On 28 June, Malagasy Communications Minister Clermont Gervais Mahazaka ordered the closure of 'Radio Say' for the alleged "broadcasting false news, defamation and insults against the speaker of the National Assembly and a member of the government, and breach of operating terms and conditions."
Located in Tuléar, a coastal city in southern Madagascar, 'Radio Say' was ordered to cease broadcasting following a visit to the city by a government delegation. The delegation had come to investigate a grenade attack that took place on 25 June, during Independence Day celebrations, in which one person was killed and about 30 others injured.
Minister Mahazaka ordered 'Radio Say' closed until further notice, "despite the fact that no link has been made between the attack and the station's activities," according to information gathered by the Paris-based group Reporters sans Frontières (RSF). The Minister had not provided "any evidence to support the closure," RSF maintains.
'Radio Say' is a private radio station known for its independent editorial stance. It is owned by a former minister who is an associate of Didier Ratsiraka, who governed Madagascar from 1975 to 1993 and again from 1995 to 2002.
Ex-President Ratsiraka was defeated in the last elections, losing to current head of state Marc Ravalomanana, but he refused to hand over powers and thus caused several months of turmoil in the country. Following defeat on the battlefield, Mr Ratsiraka fled the country and lives in French exile. If he returns to Madagascar, he will face criminal charges.

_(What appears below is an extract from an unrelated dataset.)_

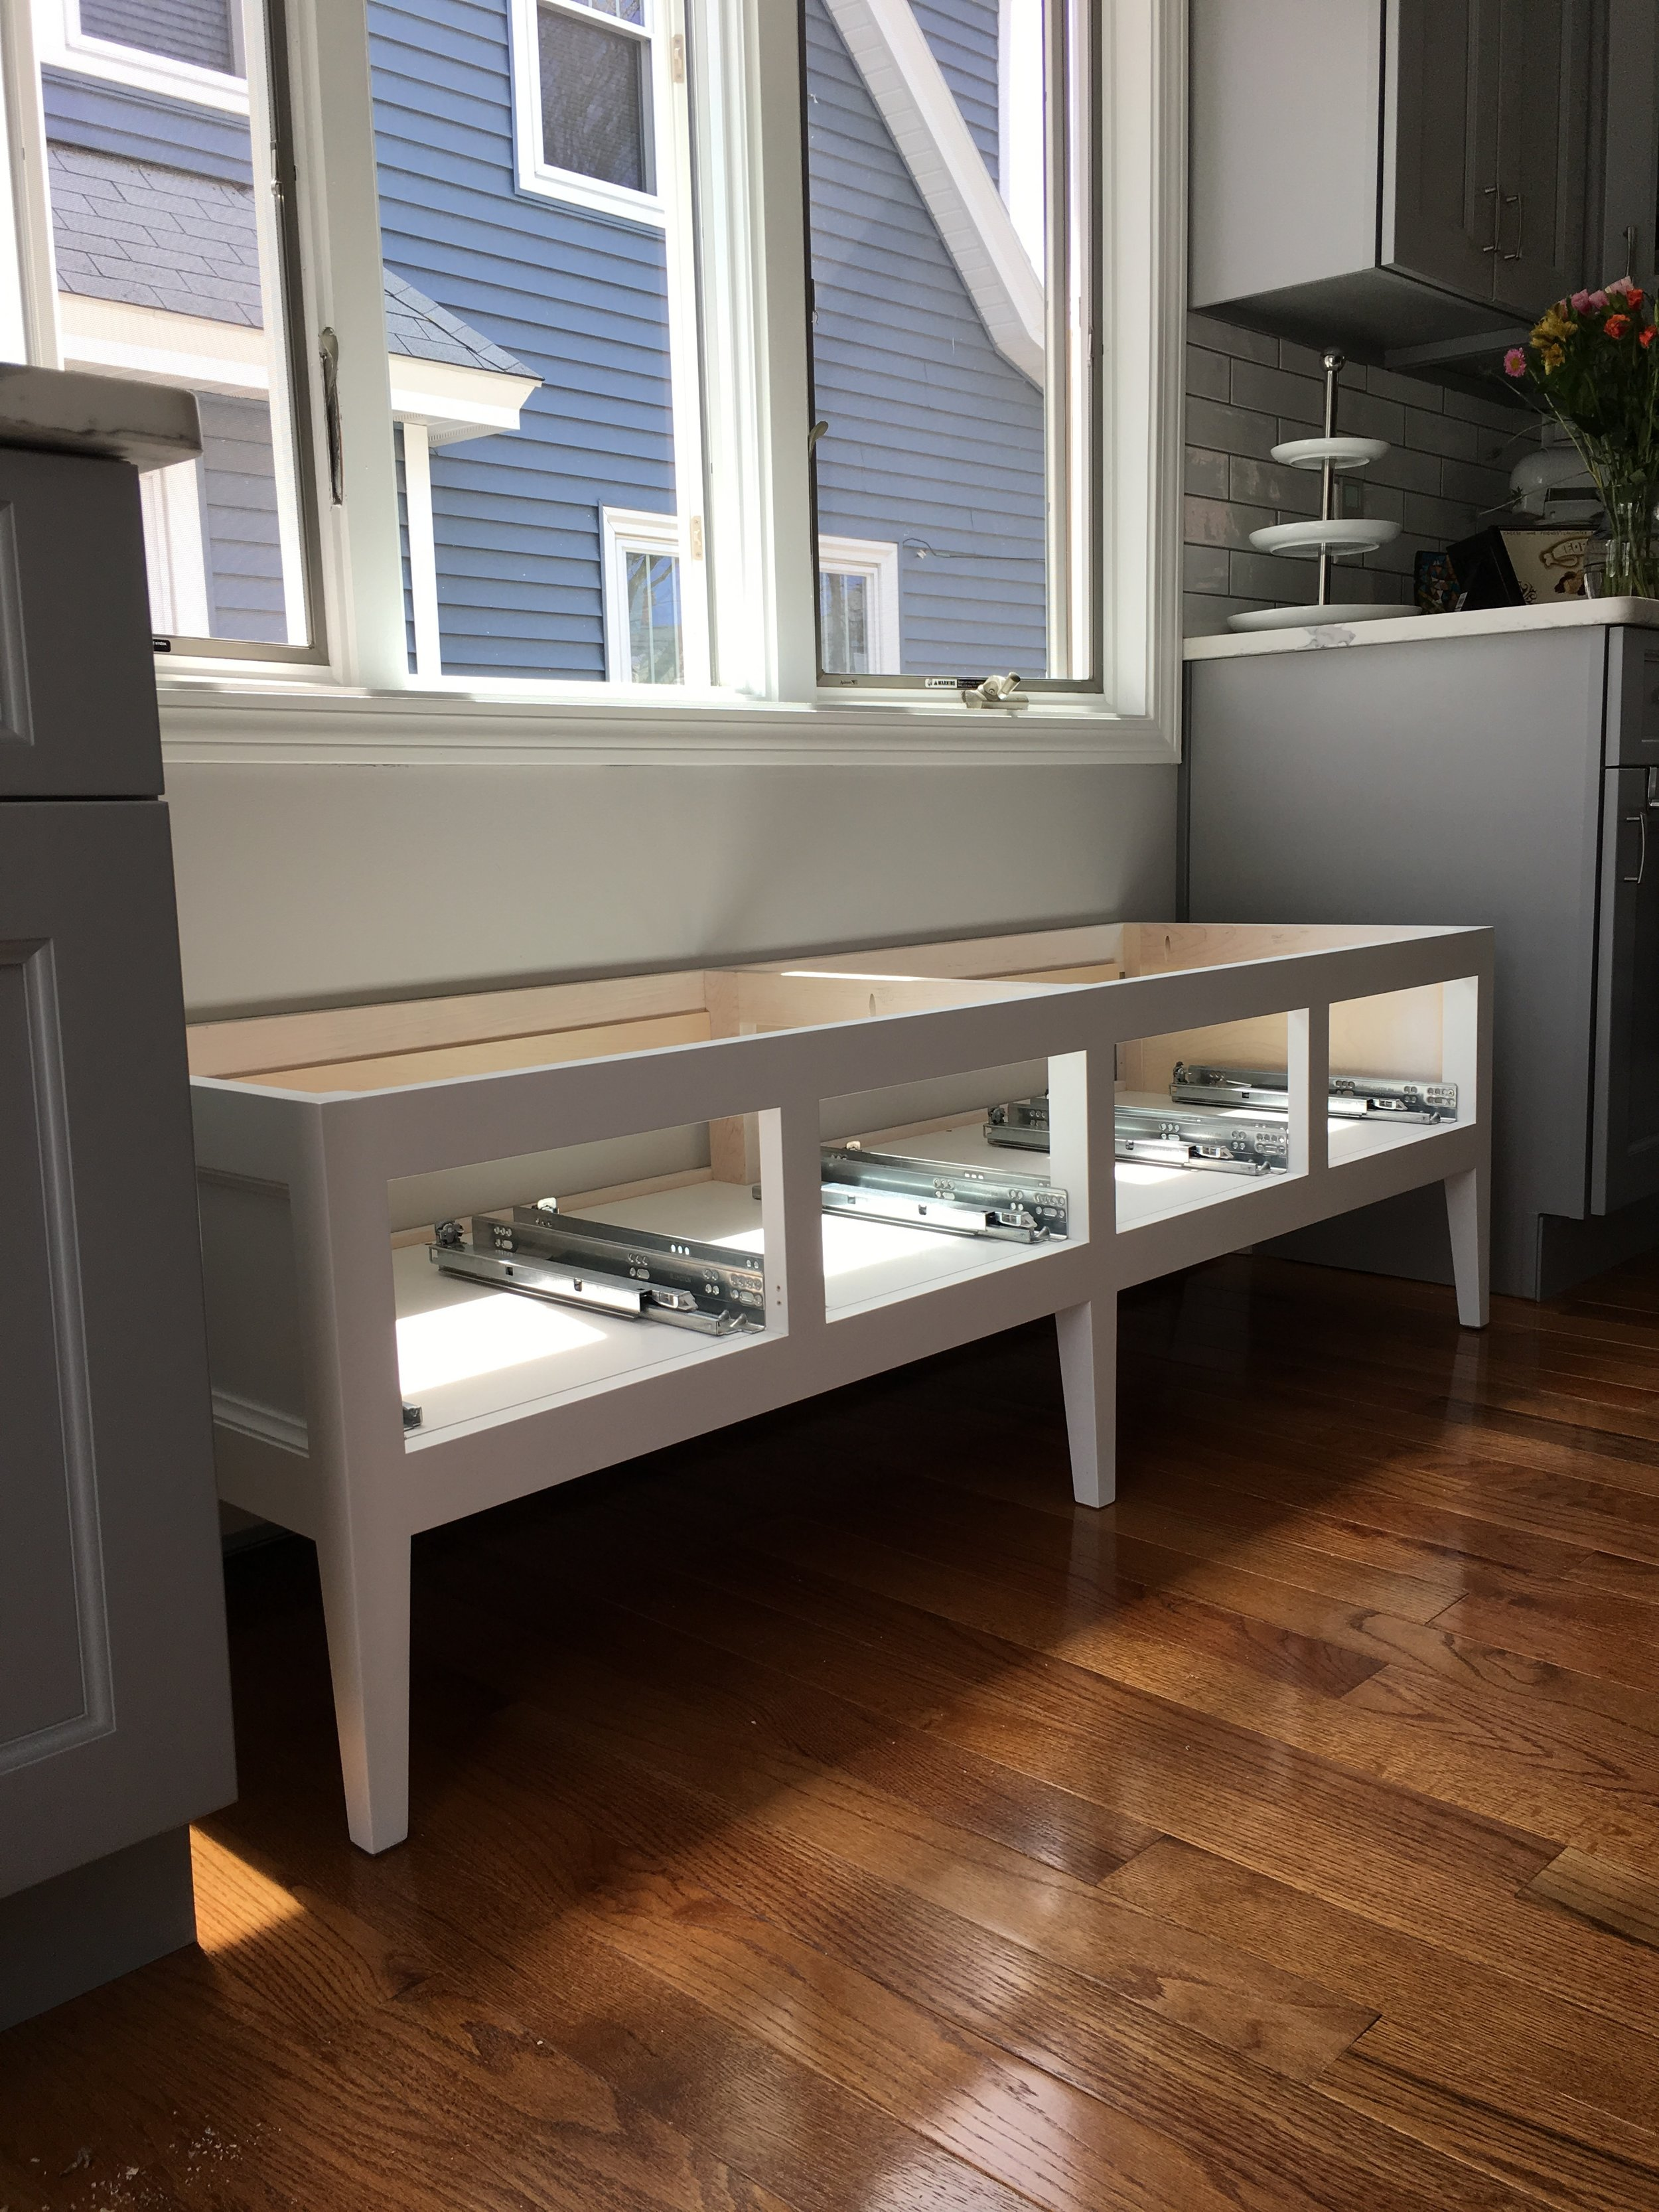 Hone Design Co._Dorchester Bench 10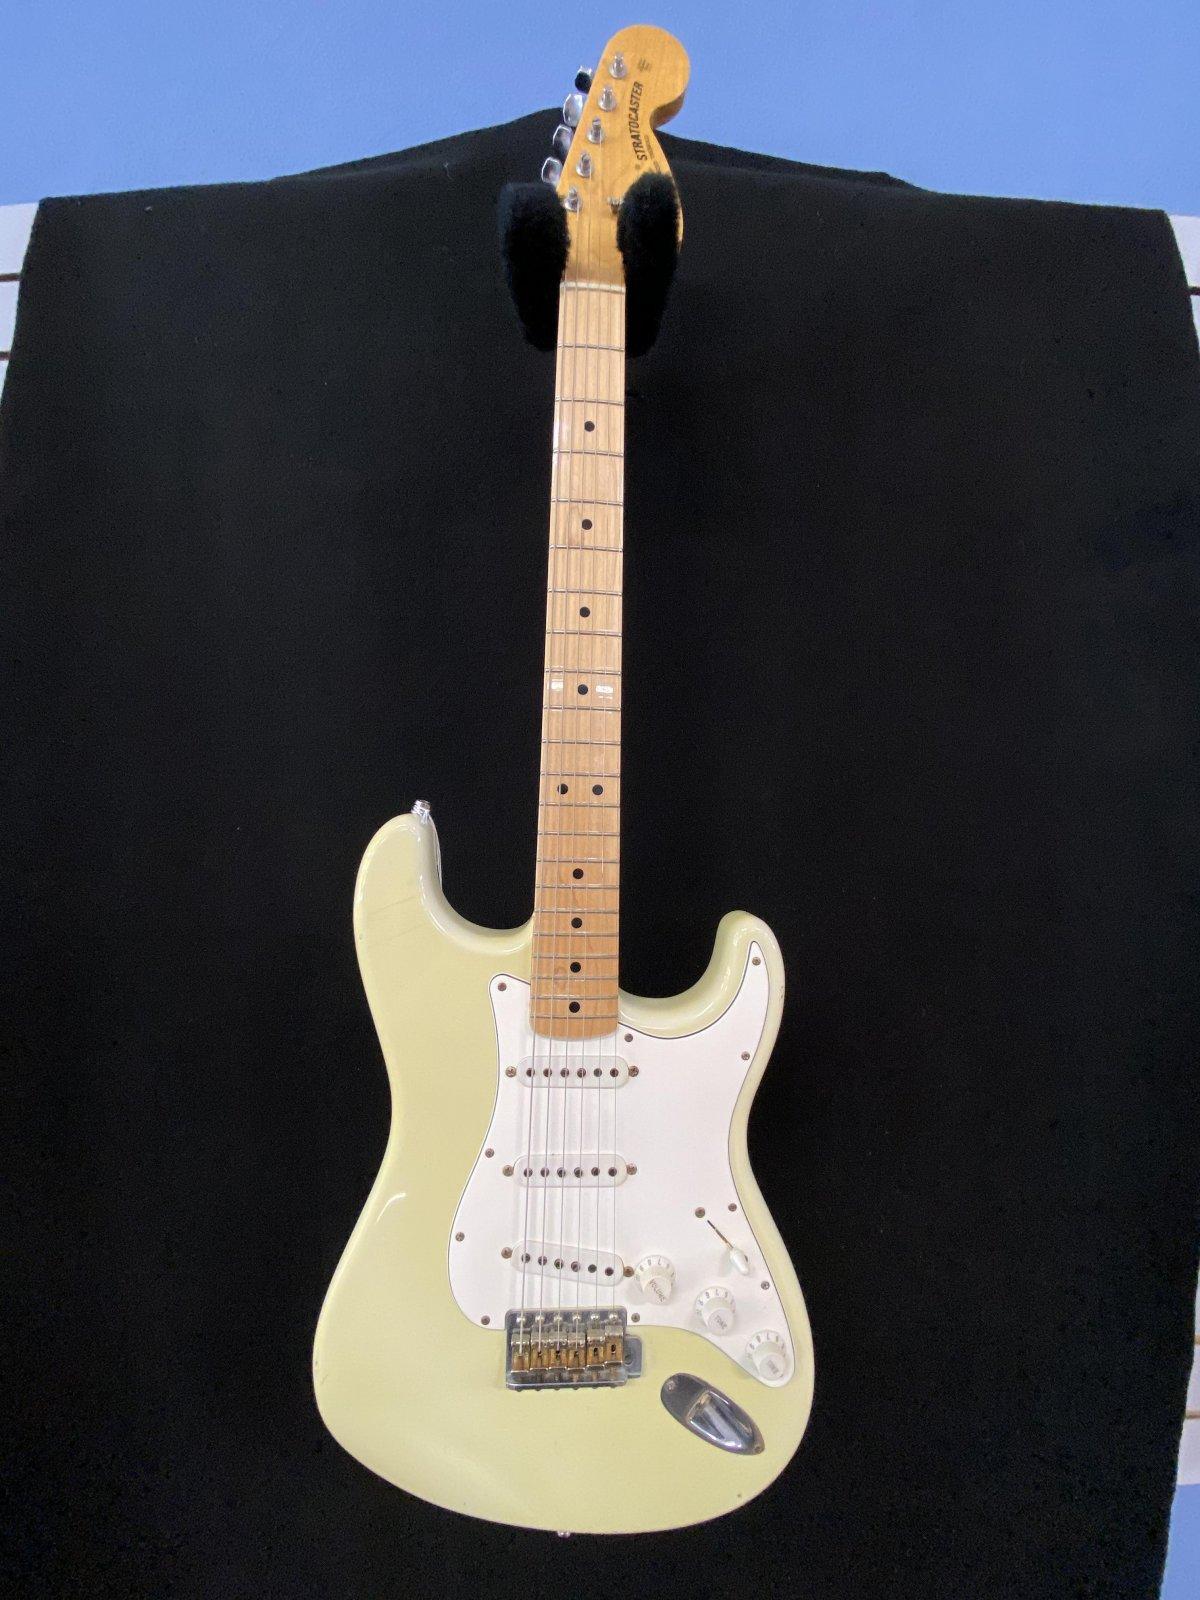 Fender Custom shop 69' Relic Stratocaster

According to RSF, the closure of 'Radio Say' is not an isolated act. Since Mr Mahazaka's appointment as Communications Minister at the beginning of 2004, "there have been several recorded attacks on freedom of information," the French media watchdog group says.
- Private media outlets in the country have not previously faced such harassment or restrictions in carrying out their work, RSF adds in a statement released yesterday.
In February, 'Radio Sava' was also ordered closed. The station's owner is Pety Rakotoniaina, mayor of Fianarantsoa and a former supporter of President Ravalomanana, who has since joined the opposition. 'Radio Sava' has yet to resume its activities.
In addition, the daily 'La Gazette de la Grande Île' received an official warning from Minister Mahazaka after it published a statement by National Assembly Speaker Jean Lahiniriko, announcing the death of one of the victims of the Tuléar attack.